MongoDB 3.2.0 was released earlier this week. It includes some exciting
features:
WiredTiger storage engine by default,
huge performance improvements to replica set failover,
and
config servers as replica sets for sharding.
These improvements get all the press, but I'd like to shine some light on
a couple other features that I can't wait to start using in my Node apps.
The first new feature is the new bitwise query operators: $bitsAllClear
,
$bitsAllSet
, $bitsAnyClear
, and $bitsAnySet
.
Why Bitwise Query Operators?
If you're like I was when I first heard of this feature, you might be thinking, "why on Earth would anybody query based on bits?" My favorite use case for bitwise query operators is bit maps for storing whether your user is available during a given time. For instance, suppose you have two collections, users and events, that look like the below mongoose schemas.
var userSchema = new Schema({
name: String
});
var eventSchema = new Schema({
from: Date,
to: Date,
attending: [{ type: ObjectId, ref: 'User' }]
});
How would you compute whether a given user has an event at a given time? That's not that bad, you'd just execute a separate query. How about computing all the users that are available at a given time? Given the current data structure, that query is going to be very expensive.
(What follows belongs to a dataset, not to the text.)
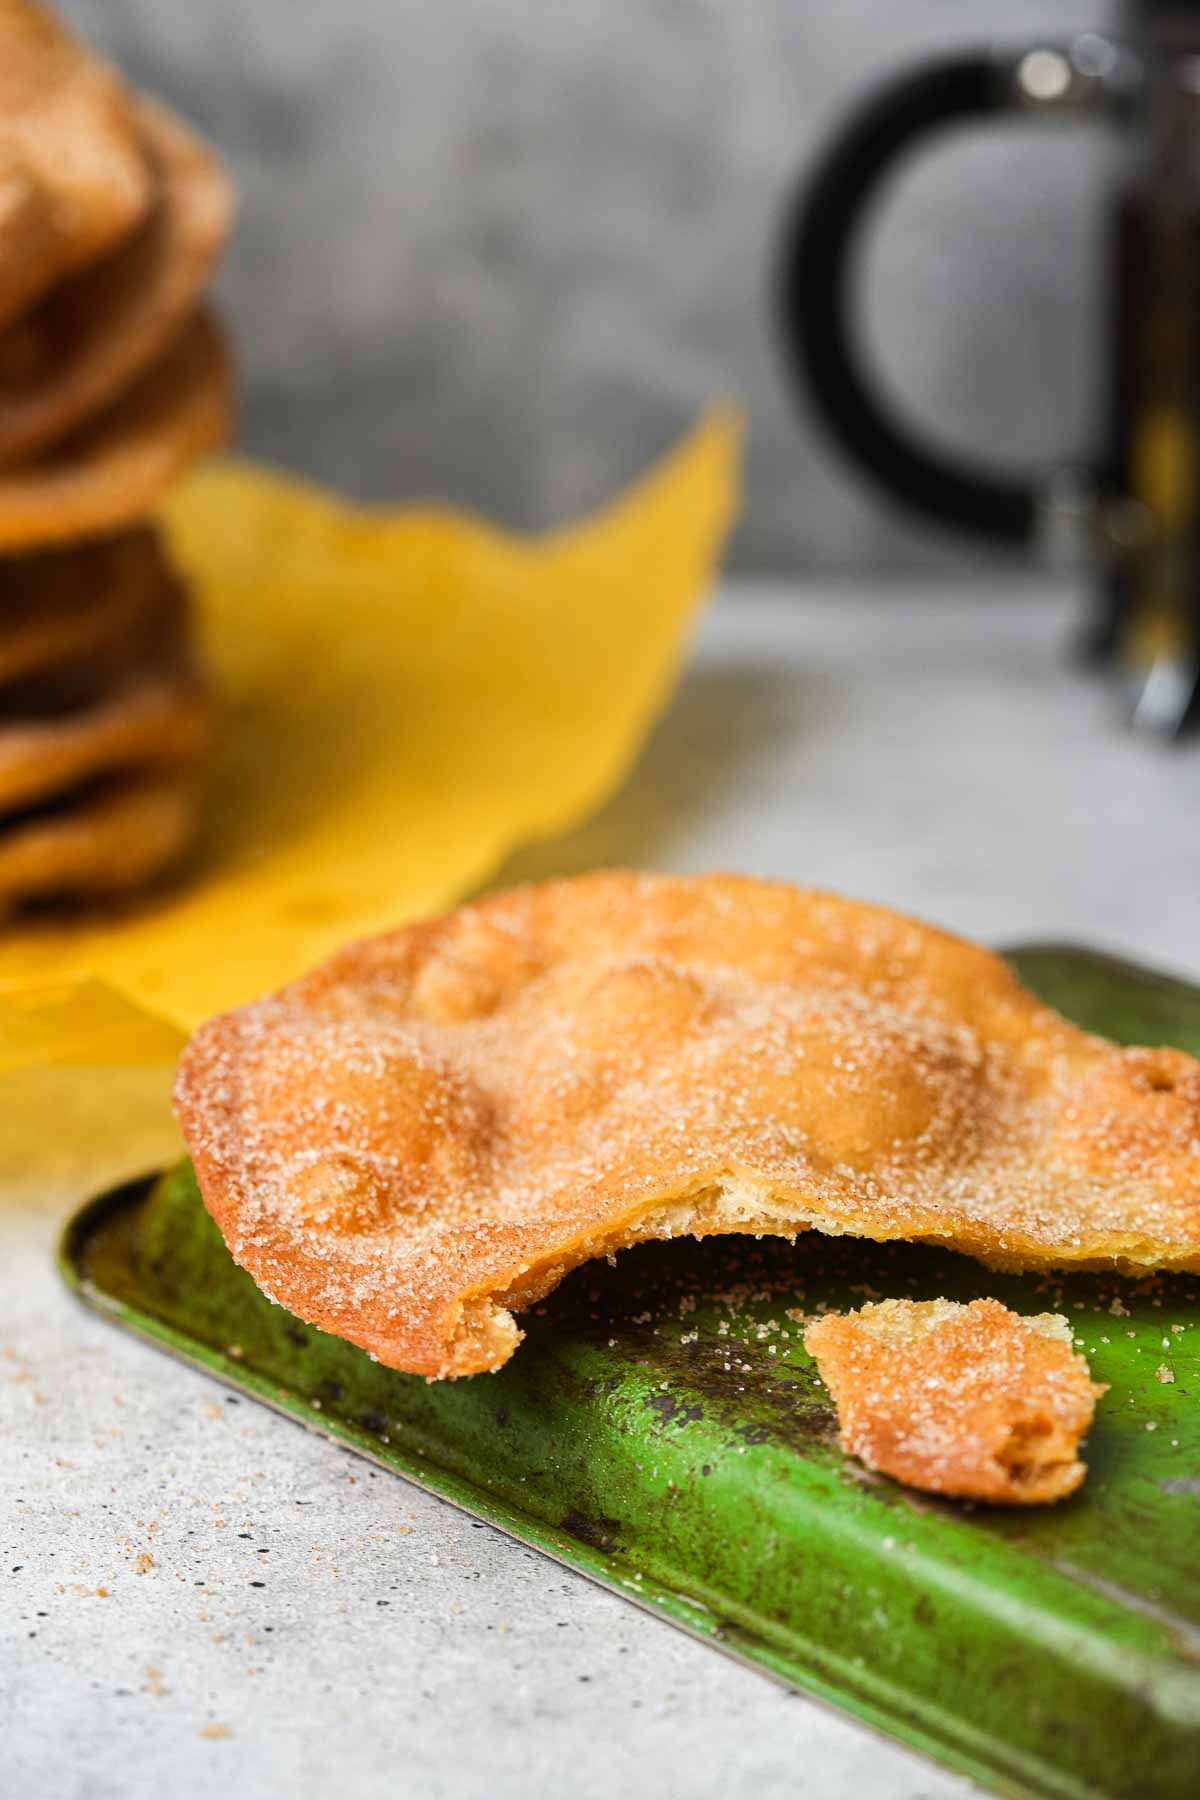 A stack of fried bunuelos on a tray with a cup of coffee.

In MongoDB, you want to store what you query for. Thus, if you want to query for users based on whether they have an event at a given time, you should store that data in the user collection. You can store this data using 365 * 24 = 8760 bits: the x-th bit is on if the user is attending an event during the x-th hour of the year. The modified user schema would look like what you see below.
var userSchema = new Schema({
name: String,
booked: {
type: Buffer,
validate: function(v) {
return v.length === 365 * 24 / 8; // buffer length in bytes
}
}
});
This schema design has some nice properties. The booked
buffer is
fixed at 1095 bytes, so it doesn't add an exorbitant amount of network
overhead. Computing whether a given user is available on a given date
is easy: a user is available next January 2 from 2am to 3am if the 26th
bit in the buffer is 1. You can even compute whether a user is booked at
a given time in the browser, without
querying MongoDB. You can also query for all users that are available
next January 2 from 2am to 3am using the new $bitsAllClear
operator.
The only downside is that you're limited to querying a year in advance,
which should be sufficient for most use cases.
Let's take a look at how that works in the shell.
Bitwise Query Operators in the MongoDB Shell
Let's create a user with a fake booked
buffer. This user will be booked
for the first 8 hours of the year and free after that. To create
this user, run this command in the shell. The HexData
function is just
a handy way to create a buffer from a hex string in the MongoDB shell.
db.users.insert({ name: 'Val', booked: HexData(0, 'FF0000') });
You can now run a query to find all users that are available at a given time.
// Available at January 1, 12:00am. Returns nothing.
db.users.find({ booked: { $bitsAllClear: [0] } });
// Available at January 1, 3:00am. Returns nothing.
db.users.find({ booked: { $bitsAllClear: [3] } });
// Available at January 1, 8:00am. Returns the user
db.users.find({ booked: { $bitsAllClear: [8] } });
// Available at January 1, 7:00am **and** January 1, 8:00am. Returns nothing.
db.users.find({ booked: { $bitsAllClear: [7, 8] } });
// Available at January 1, 7:00am **or** January 1, 8:00am. Returns the user.
db.users.find({ booked: { $bitsAnyClear: [7, 8] } });
You could use the $where
operator to run a similar query in MongoDB 3.0.
However, $where
can't take advantage of MongoDB indexes, so its performance
is limited. The bitwise query operators, on the other hand, can use indexes.
// Create an index on `booked`
db.users.ensureIndex({ booked: 1 });
// And now `.explain()` returns an index scan rather than a
// collection scan.
db.users.find({ booked: { $bitsAllSet: [7] } }).hint({ booked: 1 }).explain()
/** Outputs something like below:
* {
* "queryPlanner" : {
* //...
* "winningPlan" : {
* // ...
* "inputStage" : {
* "stage" : "IXSCAN",
* // ...
* }
* }
* }
* }
*/
Bitwise Query Operators in Node.js
In order to use bitwise query operators, you should use
mongodb driver >= 2.1.0
or
mongoose >= 4.3.1
. Here's
how executing a basic query for users that are available on January 1
at 8am looks.
var userSchema = new mongoose.Schema({
name: String,
booked: {
type: Buffer,
validate: function(v) {
return v.length === 365 * 24 / 8; // buffer length in bytes
}
}
});
var User = mongoose.model('User', userSchema);
User.find({ booked: { $bitsAllClear: [8] } }, function(error, docs) {
/** use docs */
});
Moving On
That's it for bitwise query operators. These operators may seem like a
niche feature at first glance, but the ability to query based on bit maps
provides you another mechanism to avoid expensive joins. In the next
post, I'll discuss the new
$lookup
aggregation operator, AKA MongoDB joins.